I cautiously walked over to the reading area, where there were large plate-glass windows.
I saw a few ragged, heavily armed men walking across the grey lawn. They’d heard the shooting
and the screams, and undoubtedly would have gave me several new orifices had they got their
hands on me.
Fortunately I had already planned for this kind of event.

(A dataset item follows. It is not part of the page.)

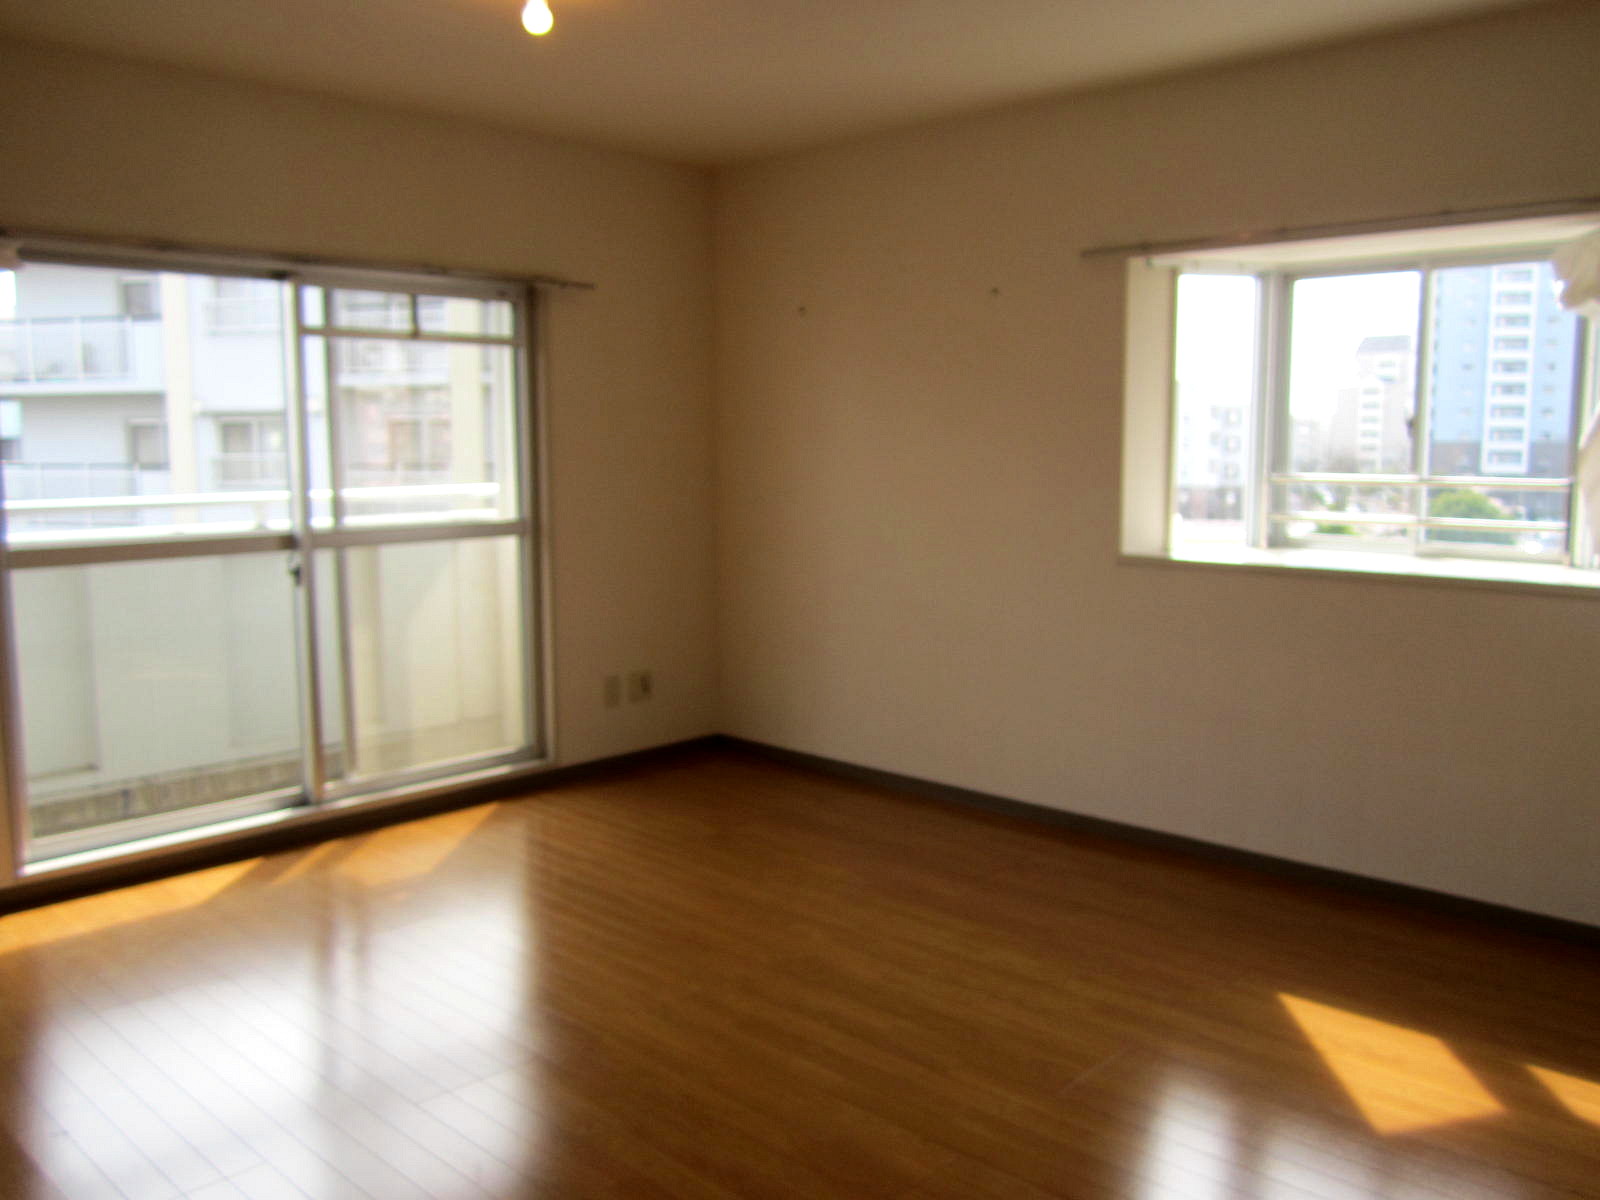 Living and room. A bay window 10.4 tatami mats of bright living room

I ran past the bookshelves and past an elevator; I came to a librarian’s office with a
sizeable window. I locked the door and loaded my rifle. Then I moved the small desk to the wall
and put a footstool on it to make the climb easier. The butt of my rifle took the window out
admirably. I climbed to the window and threw my rifle through. Then I climbed through and
jumped.
Don’t worry, gentle reader, I was not harmed. A dumptruck with a bed filled with grey,
dirty water stood thirty feet or so beneath the window, and I safely landed in the muck. I climbed
out, cold and miserable. I found my rifle on the left side of the vehicle and clung to it like a child
to a toy. Soaking wet, miserable, and frightened, I decided to make a run for the woods. They’d
likely find me, I thought, but I’d at least make them expend some effort on it. Make them earn
their meal or whatever it was they planned to do with me.
I had to run across a parking lot and a thin, elongated lawn to reach the woods. I broke
into a brisk run.
These cretins were pretty clever, I’ll have to give them that. When I was nearing the lawn
they came around the side of the library, perhaps two hundred yards from me, and started
screaming and shooting.
I began zig-zagging and ducking behind automobiles. A few bullets whizzed by me, one
even coming a few inches over my shoulder. I thought they would give up after I started running
across the lawn.
Instead, they switched to full-auto, evidently enraged by my success in keeping alive.
Fully automatic gunfire is much more frightening then it is dangerous, fortunately for me. They
were reloading when I made my way into the woods. As before, I spent many hours stumbling
through a dead, rotting forest.
Eventually I came to a remote house. It was evening and I could see dim yellow light in
the windows. Smoke was billowing out of the chimney. Like a fool I decided to knock at the
door and ask for help. I was in dire straits, you see.
A tall, blonde man in a ragged grey suit came to the door, revolver in hand. He had a
stern expression on his face, as if trying to keep control of the situation. Strangely, he wore
square-framed glasses that lacked lenses.
“Who are you,” he asked, “and what do you want? Back up, take that rifle off your back
and set it on the ground. Good. Hands up. Now, who are you and what do you want.”
I explained my situation. He seemed sympathetic and invited me in.
Thus began that most fantastical, most strange and exciting period of my life, when The
Business-Man took me under his wing.